The Choices We Make
The Choices We Make
My parents recently moved into assisted living, and my siblings and I had the bittersweet task of cleaning out our childhood home. It’s a project that inevitably leads to recollection: Sorting my dad’s big-band albums meant recalling bill-paying Saturdays, when he put on baggy pants, ate French burnt peanuts, and worried aloud that the way things were going, we were all headed to the poorhouse. Then there were the reverberations of my patrician mother’s strange love of junk mail and her 374 hobbies, 371 of them abandoned.

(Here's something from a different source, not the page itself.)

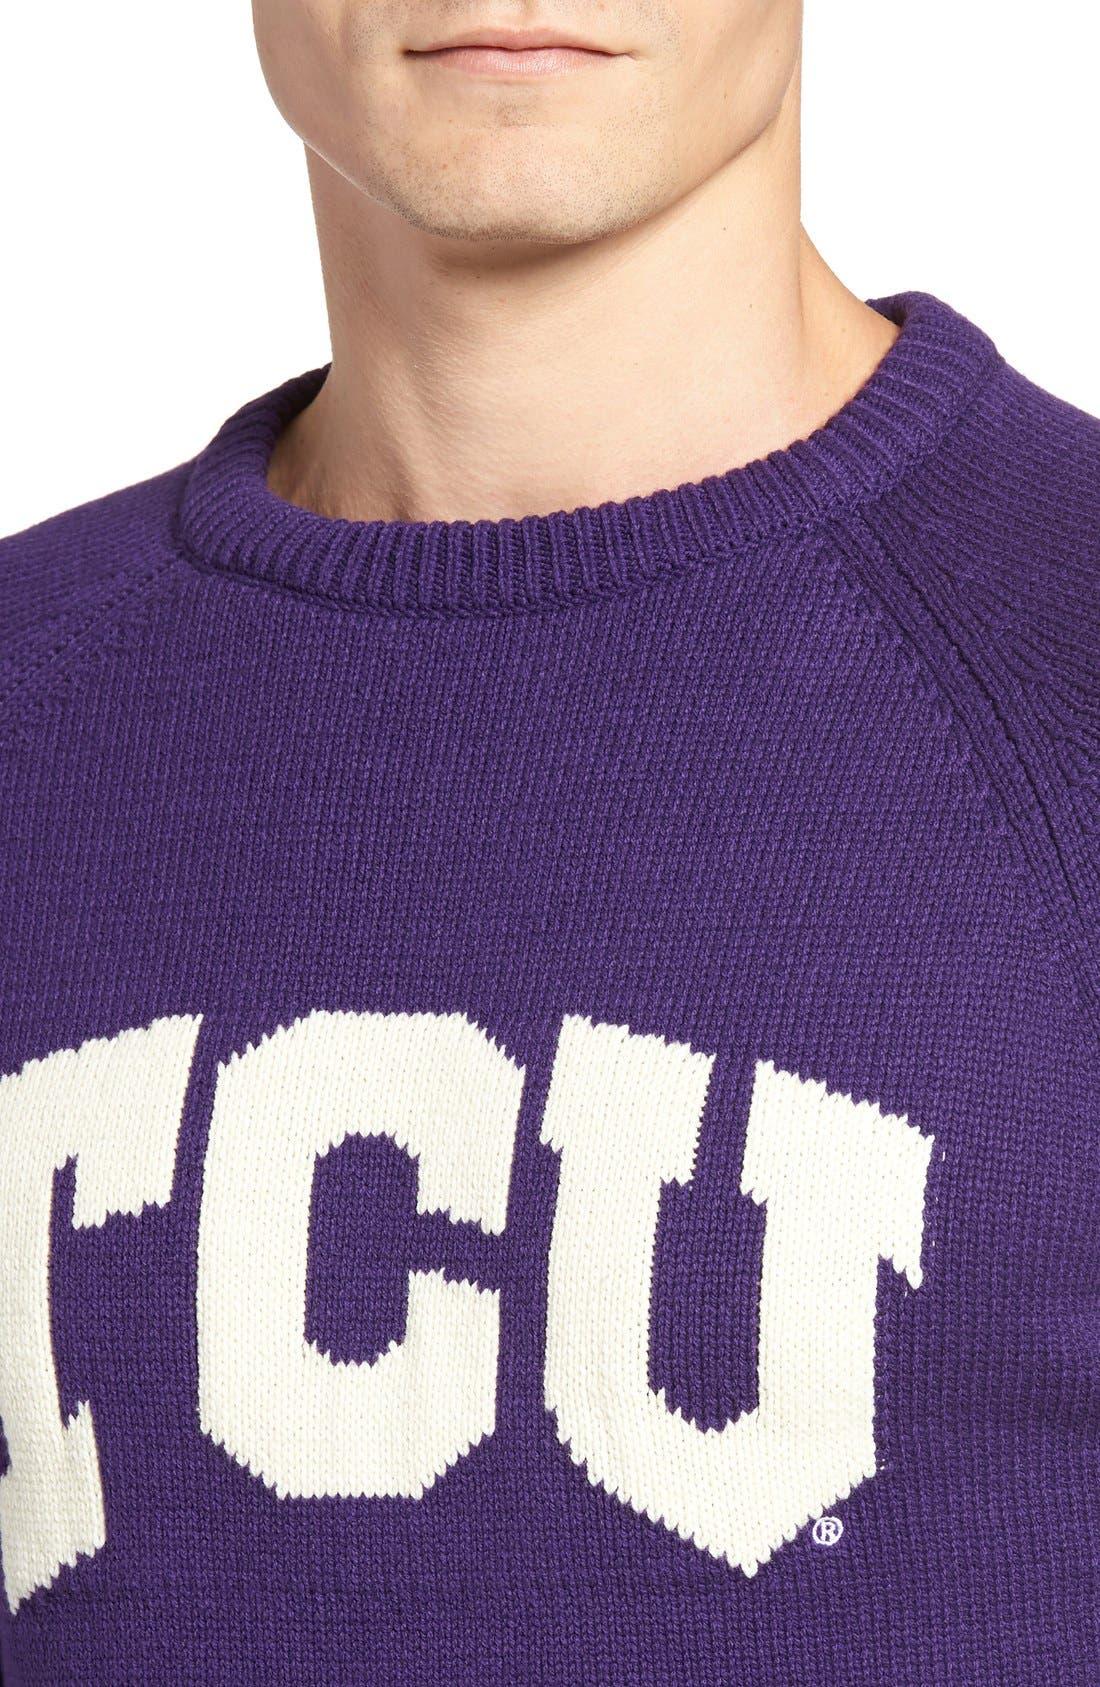 HILLFLINT,                             TCU Heritage Sweater,                             Alternate thumbnail 4, color,                             500
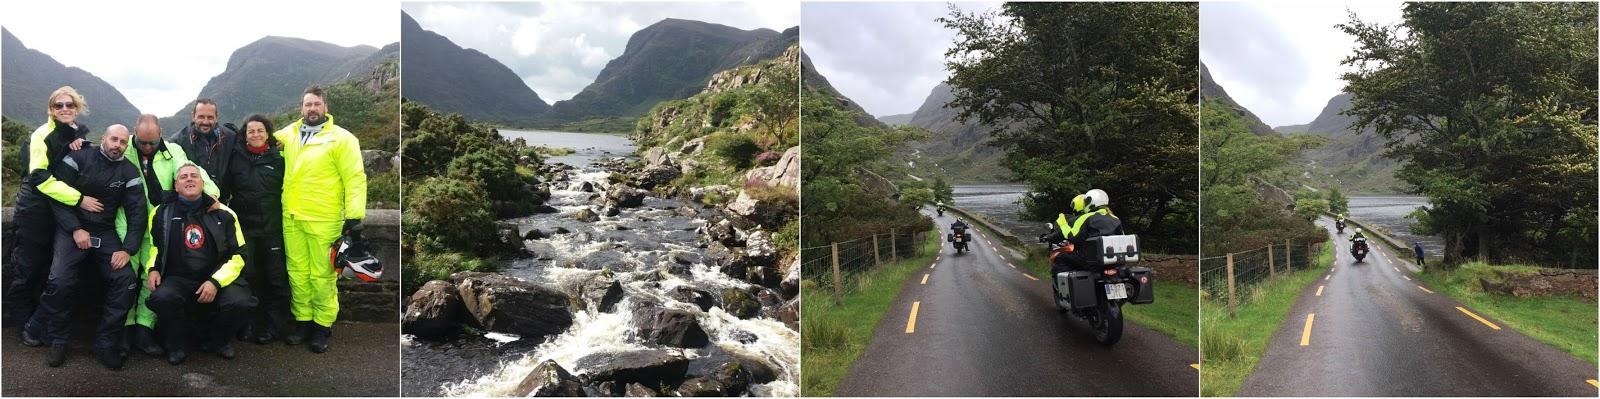 De Curvas  Transguinness 2017  De Viaje Por Irlanda

This emptying-out was an especially big job, because my parents bought the place in 1966, and let’s just say that William Morris’ maxim – have nothing in your house that you do not know to be useful or believe to be beautiful – held no sway in our family.
It’s disconcerting enough to sift through someone else’s stuff, deciding what to keep and what to toss. It feels callous, insensitive, much too intimate. But the really haunting part is to glimpse the lives lived, the choices made. I found myself wondering what somebody would think if he or she came to clean out my house. What’s with all those books I’ve acquired on perspective drawing? How about the bins of crumbling polymer bricks? And why have I never done anything with them? Fear? Perfectionism? Attention deficit disorder?

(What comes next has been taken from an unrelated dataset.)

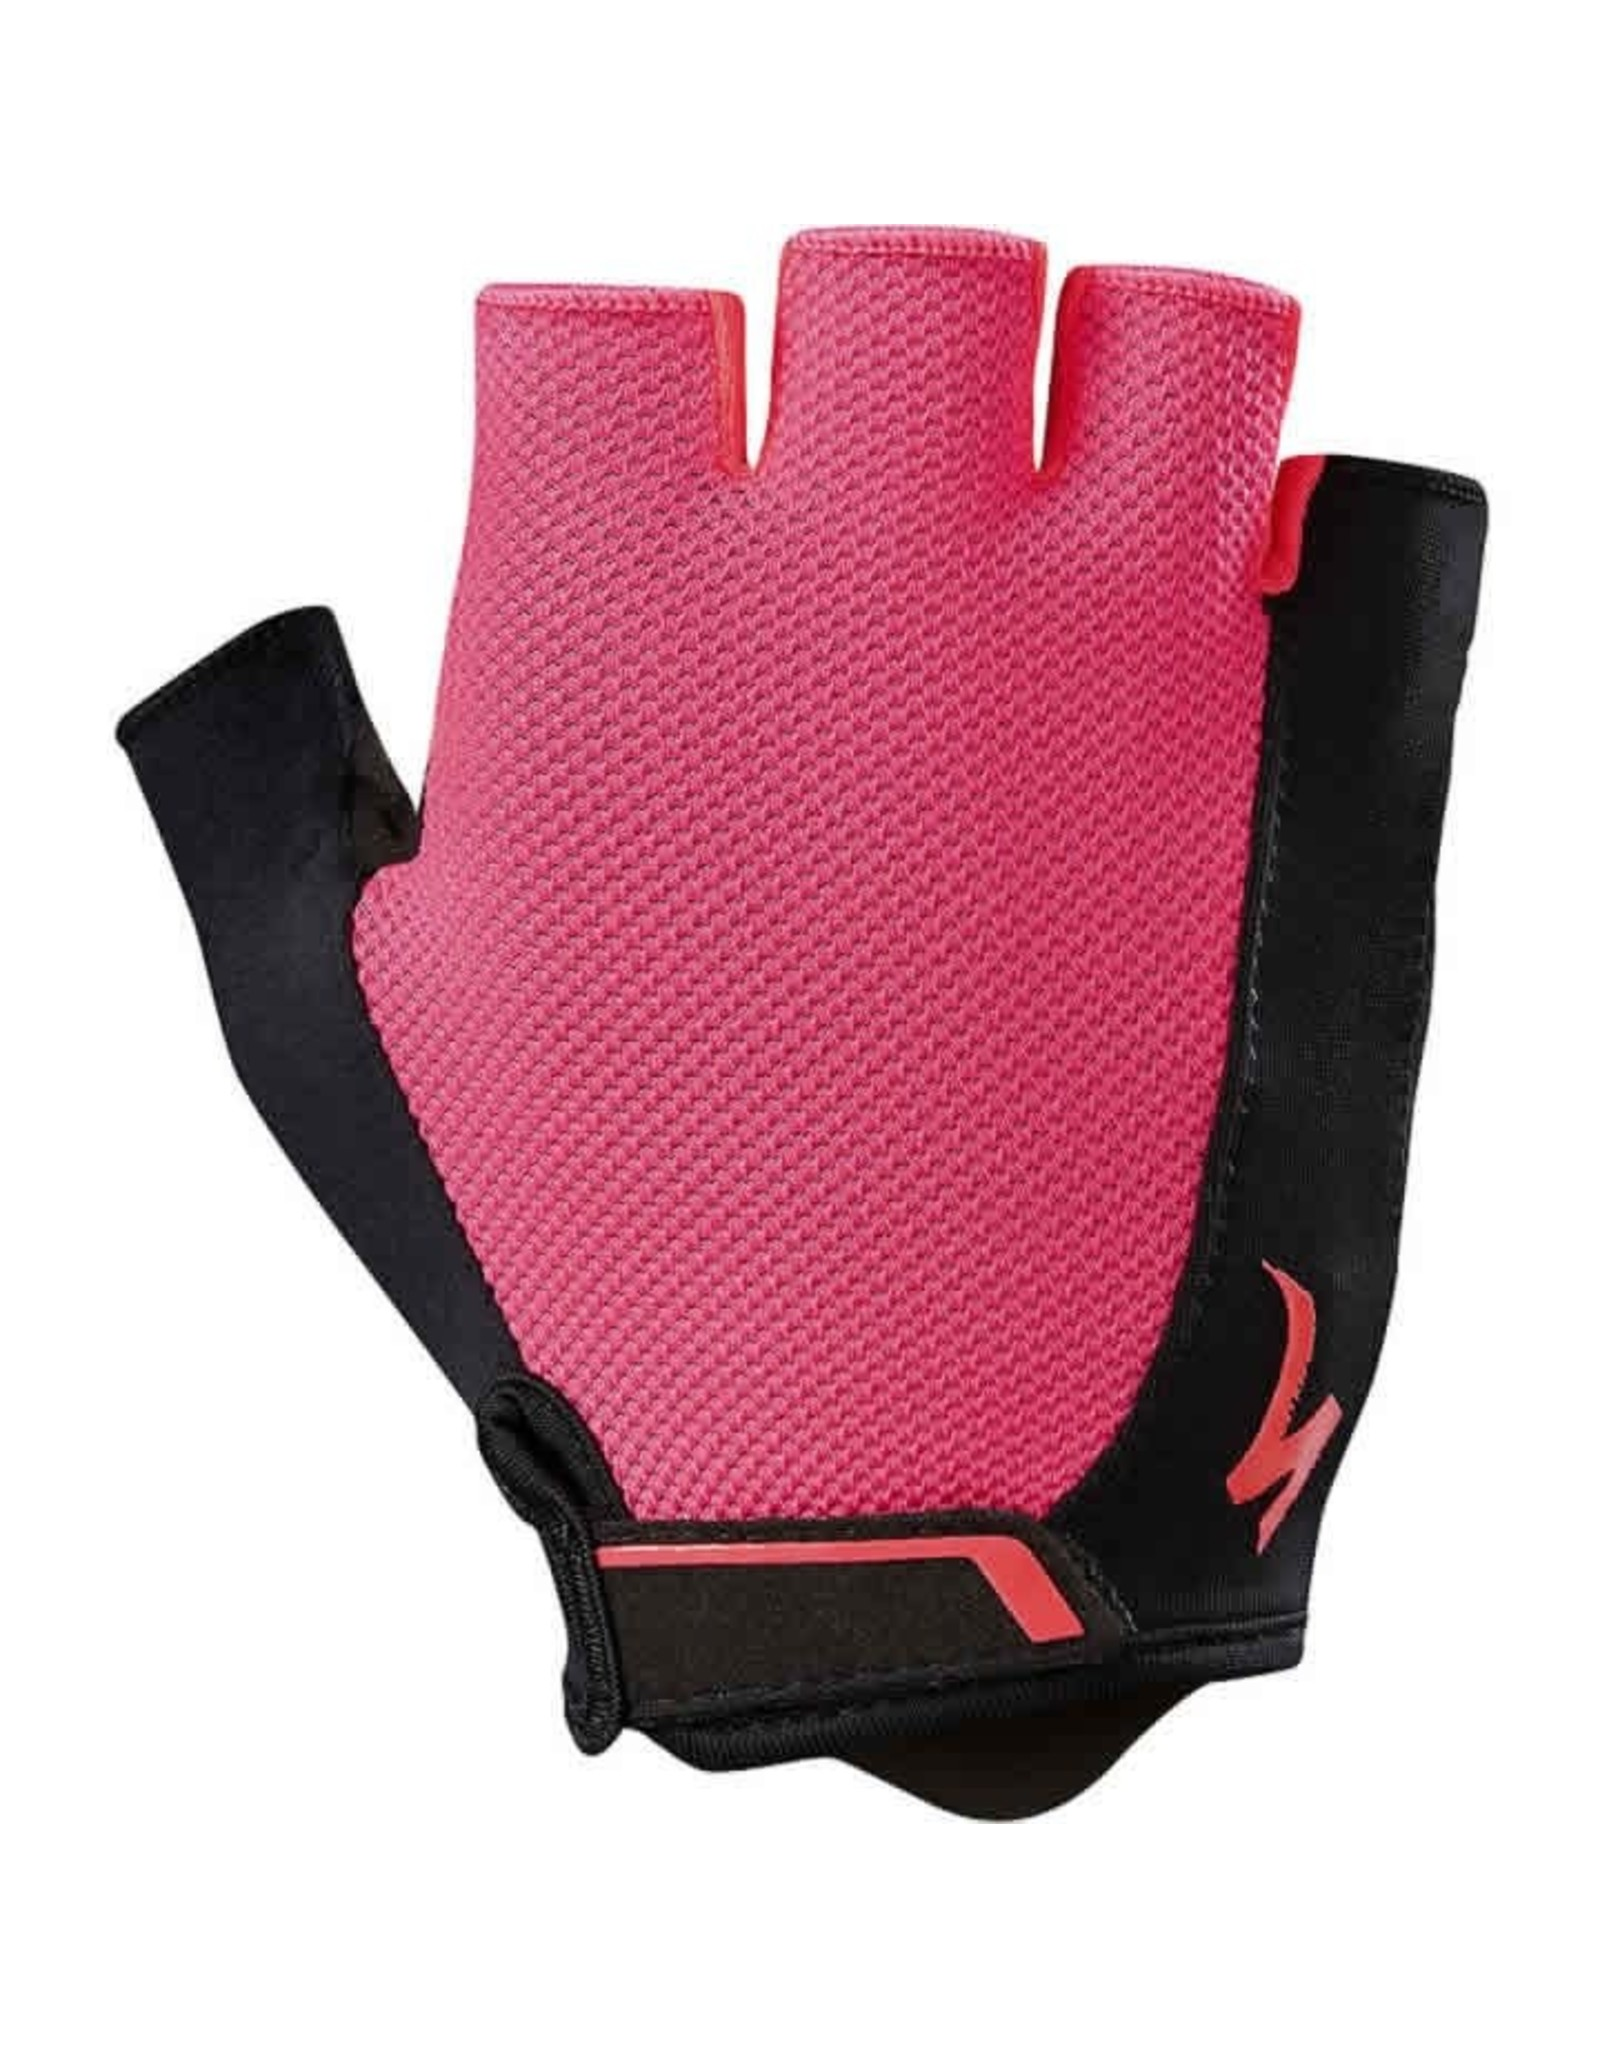 Specialized Glove Spec BG Sport  Wmn Wht/Pnk S

Many of us want to live thoughtfully, artfully. But if you look around our homes, you’ll see piles, desk drawers, even whole rooms of unrealized dreams. As a magazine staff, we hope to inspire you to bridge the gap between your artful intentions and the choices you make every day. As we imagine it, art is not something you hang on a wall or put on a pedestal and forget. It is a conscious way of life.
Master enamelist June Schwarcz is a model of thoughtful, artful living. Schwarcz is 93, and as focused on her art form as ever. Tell her she’s remarkable for continuing to work, and she’ll wave you off. “With a limited time to live, there’s a decision to make every day – what to spend it on, what to create,” she says. Look inside Schwarcz’s home and studio, and you can’t miss her intentionality.

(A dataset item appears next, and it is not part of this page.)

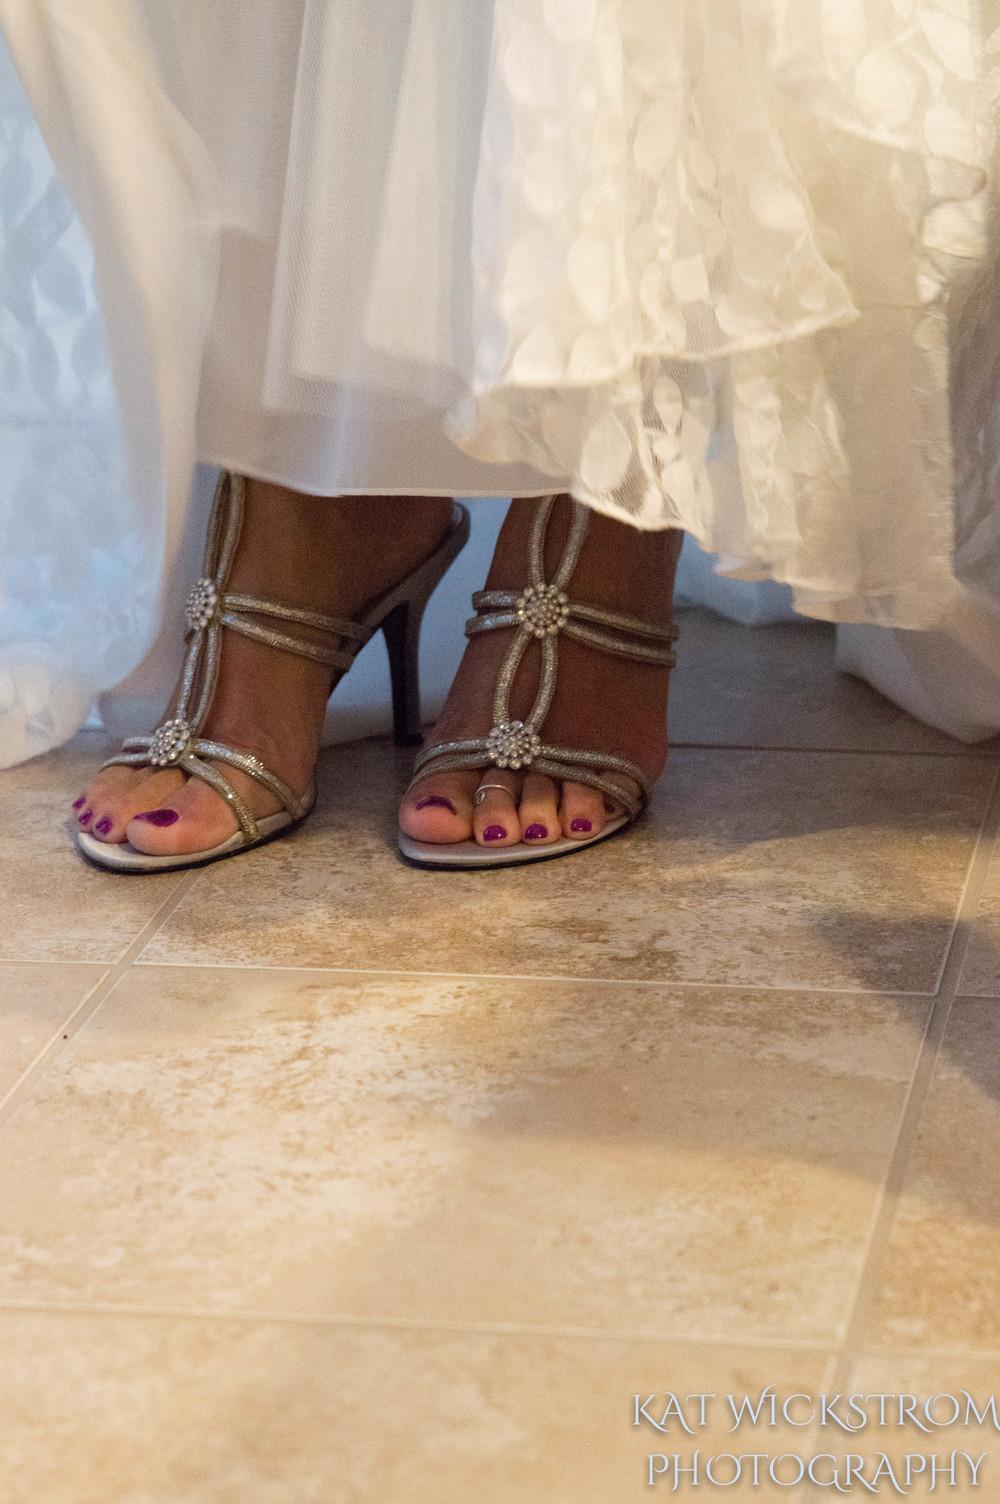 Woodland Hills CA Wedding Shoes Getting Ready Photo

The same is true of Margaux and Walter Kent, the subjects of Crafted Lives, a new department in the magazine. Walter Kent built their art studio. The couple is launching an edible backyard landscaping business, with the goal of re-creating the spaces and lifestyle of 19th-century homesteaders who came to Philadelphia. They collect art, yes, but their definition includes skulls, an old leg brace, an antique pistol. Their 4-year-old learned the alphabet by pounding metal type into reclaimed leather.
Artful living means different things to different people. To some, it’s precious time in the studio. To others, it’s kitchen gardens, handcrafted bicycles, and artisan chocolate. The key is to figure out what it means to you. And act on it.